Konzernverantwortungsinitiative und Freihandelsabkommen mit Indonesien: Die Zeiten ändern sich…

 

Zuerst die Konzernverantwortungsinitiative, die von einer Mehrheit der Schweizer Bevölkerung angenommen wurde. Und jetzt das Freihandelsabkommen mit Indonesien, das bloss eine knappe Mehrheit von 51,6 Prozent erreicht, und dies erst noch nur dank den Männern, während es von einer Mehrheit der Frauen abgelehnt wurde. Ja, die Zeiten scheinen sich zu ändern. Dabei geht es ganz offensichtlich nicht nur um den einen oder anderen Vertragstext, um die eine oder andere Massnahme zum Schutz von Mensch und Natur. Es geht um etwas viel Grösseres, Grundsätzlicheres, Umfassenderes. Es geht um die Frage der weltweiten Handelsbeziehungen. Es geht um das Machtgefälle zwischen Industrieländern und Agrarländern. Es geht um Reichtum und Armut. Es geht um die Ausbeutung von Menschen, Tieren und der Natur durch multinationale Konzerne. Es geht um die Globalisierung. Es geht um den Kapitalismus. Es geht um die soziale Gerechtigkeit. Es geht um das Überleben der Menschen auf diesem Planeten.

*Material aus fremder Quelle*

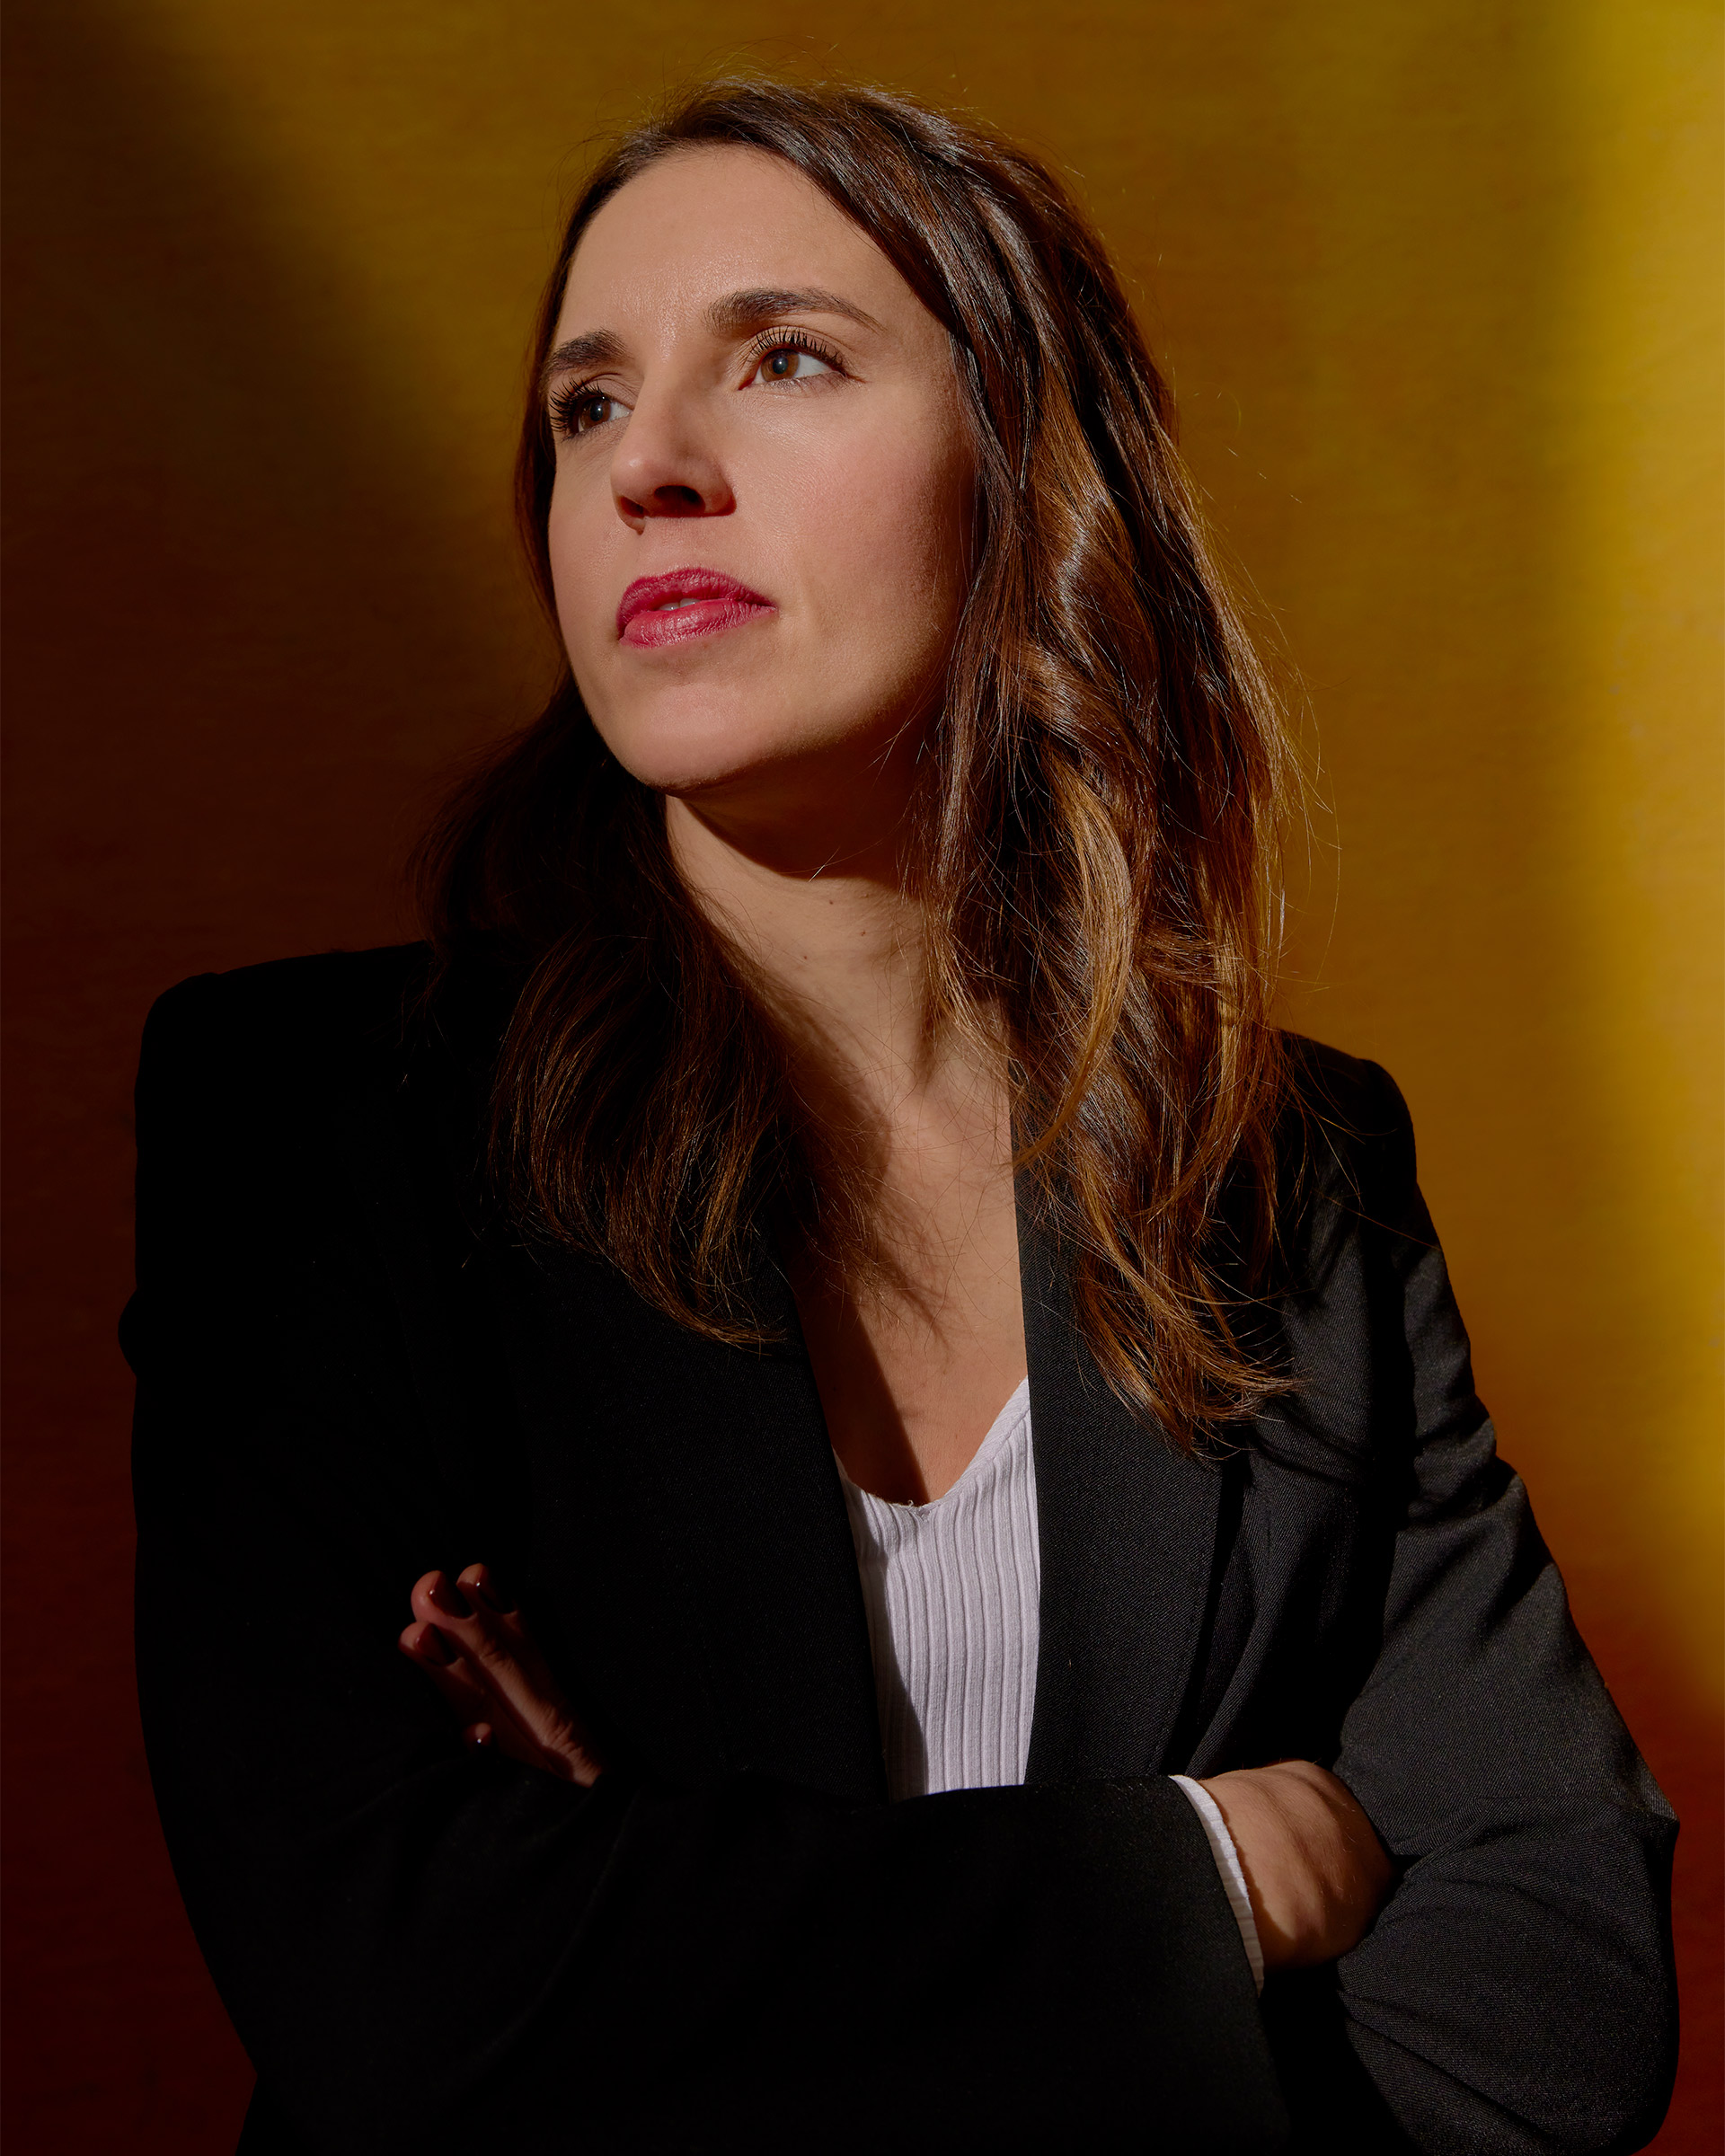 Irene Montero poses for a portrait in Madrid on Jan. 25. (Marina Coenen for TIME)

Ich wage zu behaupten, dass in Abstimmungen wie jener über die Konzernverantwortungsinitiative oder jener über das Freihandelsabkommen mit Indonesien alle diese grossen, übergreifenden Fragen Themen nicht nur ein wenig mitschwingen, sondern im Gegenteil eine ganz entscheidende Rolle spielen. Und ich wage weiter zu behaupten, dass das Unbehagen über eine Wirtschaftsordnung, die immer noch primär auf Wachstum, Profitgier und Ausbeutung von Mensch und Natur ausgerichtet ist, immer weiter und weiter um sich greift. Anders wäre nämlich nicht zu erklären, dass sich gut die Hälfte der Schweizer Bevölkerung für die Konzernverantwortungsinitiative und gegen das Freihandelsabkommen mit Indonesien ausgesprochen hat, obwohl nur eine Minderheit der politischen Parteien diese Positionen vertreten hat. Und aus dieser Hälfte könnte, wenn es so weitergeht, schon sehr bald eine satte Mehrheit werden. Darauf deutet beispielsweise auch eine Umfrage hin, die von der Kommunikationsagentur Edelman anfangs 2020 in 28 Ländern bei 34’000 Menschen durchgeführt wurde und ergeben hat, dass 56 Prozent der Befragten im Kapitalismus eher etwas “Schädliches” als etwas “Nützliches” sehen. Schon bald werden wir über ein weiteres Freihandelsabkommen abstimmen, diesmal mit den südamerikanischen Mercosur-Staaten. Die Wirtschaftsverbände, heisst es, stehen schon zitternd in den Startlöchern. Ob die Hälfte der Bevölkerung schon bald zur Mehrheit wird? Man darf gespannt sein…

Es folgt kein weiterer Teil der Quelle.